Commonplace #4 : A good game is also an educational tool.

It is the exact opposite. Educational games are bad games, and it can’t be otherwise. They are repetitive, didactic and boring. They are not designed to play, to raise the attention of players, but to teach them or make them understand something. No wonder they are less challenging than games that were designed to be challenging. The real pleasure in playing comes from the total disjuncture from the real world, from the knowledge that the game is useless. If it’s not useless, if it teaches something, it’s not a game and it cannot be played as a game. Like most of the old classics, so-called educational games are usually bought by well intentioned parents or grandparents, or sometimes teachers, and then imposed on the youngest ones, who would certainly prefer a real game, like the ones the adults play.
Games are one thing, teaching is another.

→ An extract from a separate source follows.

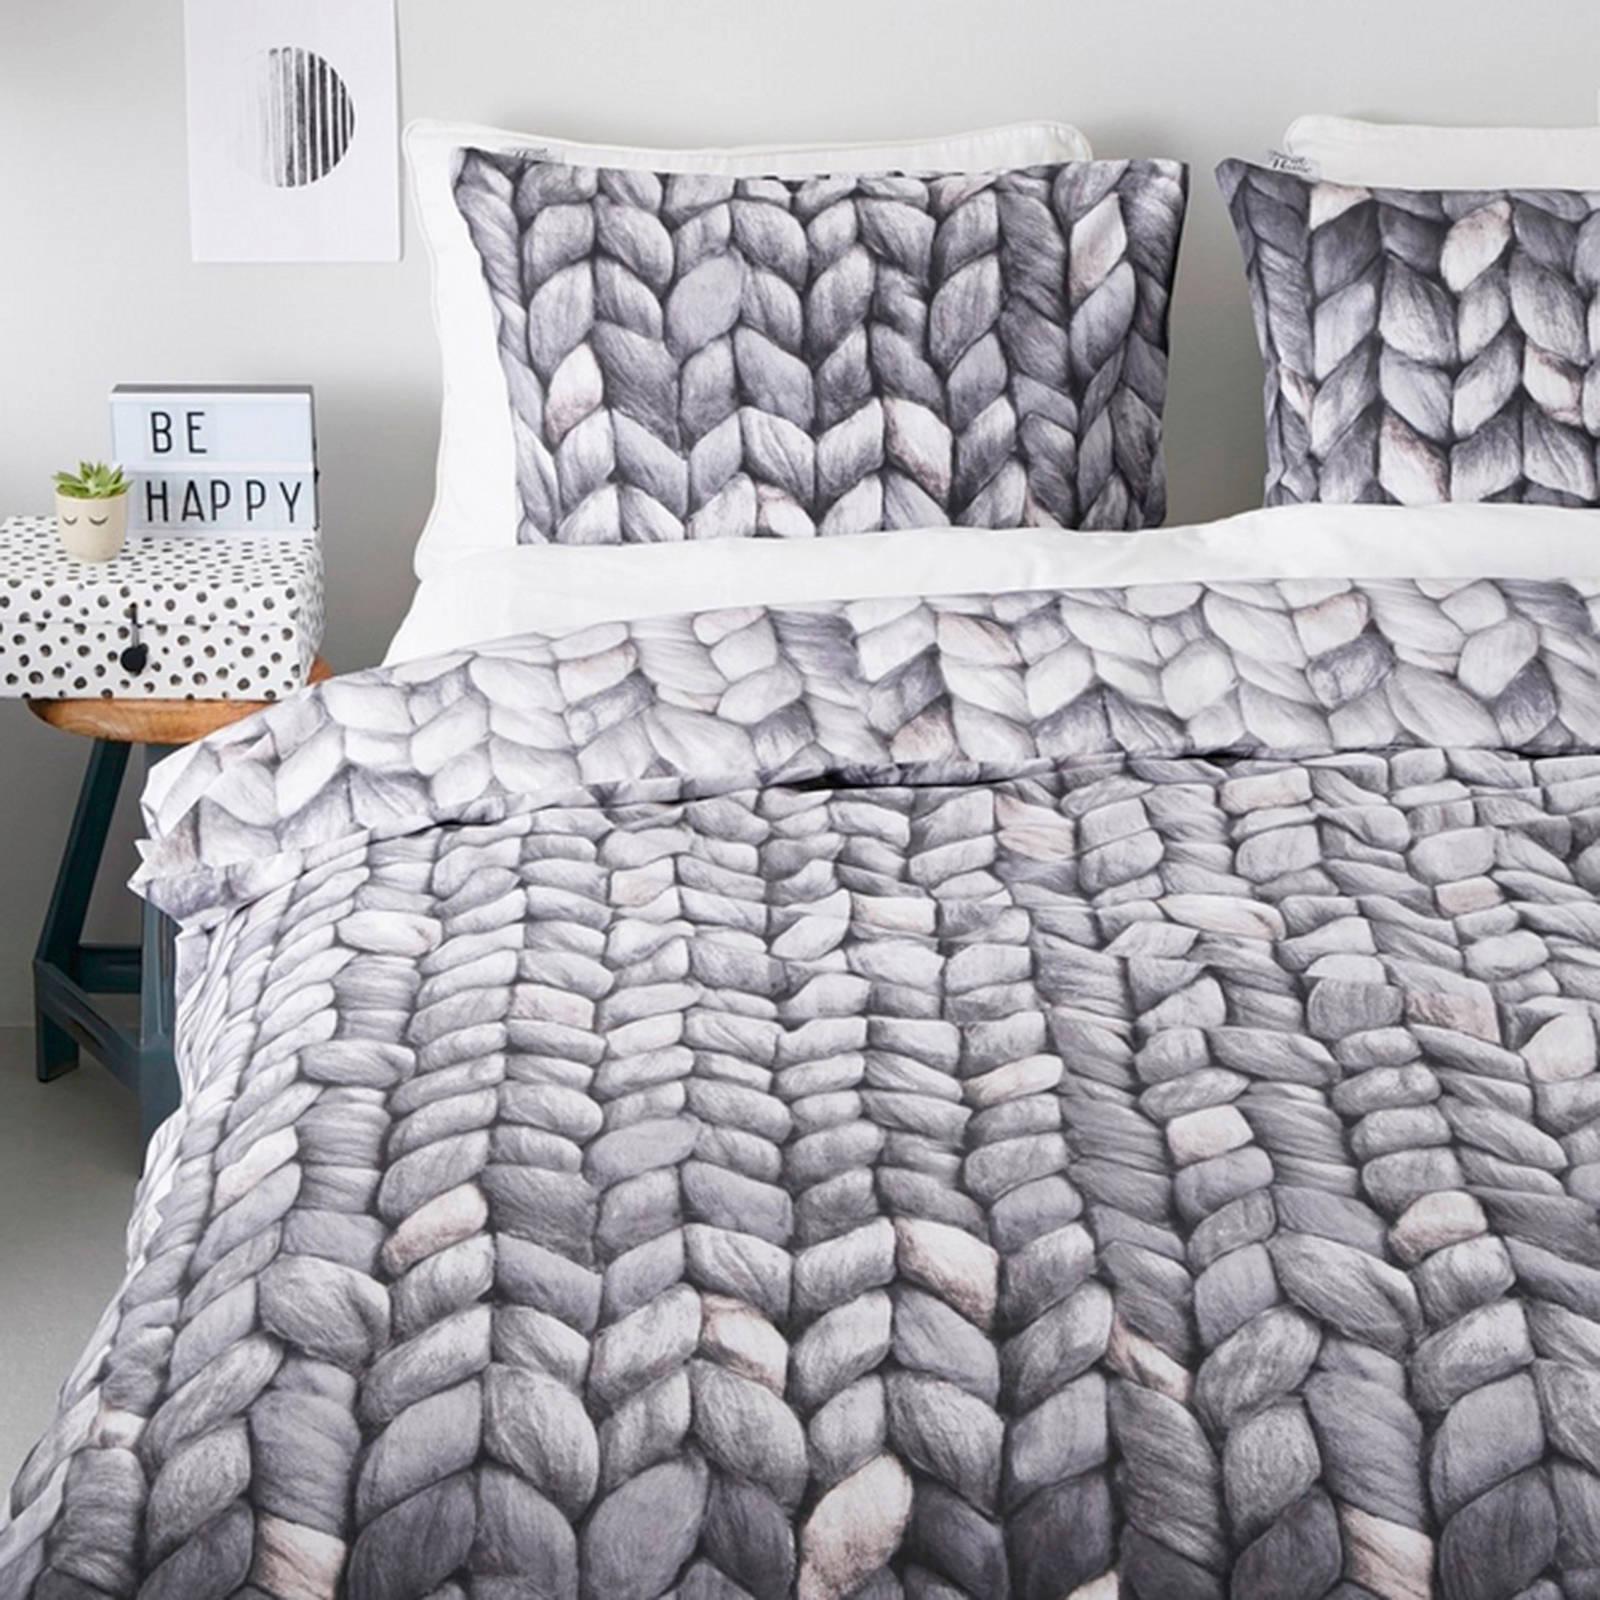 ariadne at home katoenen dekbedovertrek lits jumeaux grijs

As a gamer, game designer and teacher, I’ve had many occasions to confirm that trying to bring them together just make education less efficient and gaming less exciting.

Commonplace #5 : Games are not intended to be taken seriously.

Unlike work, which needs some detachment and ought not to be taken too seriously, games need to be played with the utmost seriousness and dedication. Always trying to be a winner in real life is a very bad idea, since it brings disappointment and often makes you look ridiculous. In a game, if all players are not trying to win, the game simply falls flat and becomes pointless and boring. The reason is that victory is its only point, when no one has the slightest idea what the point of real life is.
This doesn’t mean games can’t be fun. I like fun games, and I think I design fun games, but fun is no more a necessary feature of games than it is of novels or movies. They can be fun, they don’t have to. There’s not the slightest fun in Chess, Ticket to Ride or Settlers of Catan, but this doesn’t mean one can’t have fun playing them. That’s what Blaise Pascal has explained in his theory of diversion, and that’s what Freud later said : the opposite of play is not seriousness, it’s reality.

Boardgames are a minor art and are often very badly treated by mass medias. Journalists only look at the commercial aspect, and their ideas about it are mostly commonplaces and truisms. They totally ignore the creative aspect. When so-called specialists are called in, one could at least hope they try to put things right. Of course, they can’t if they don’t know much more about the topic.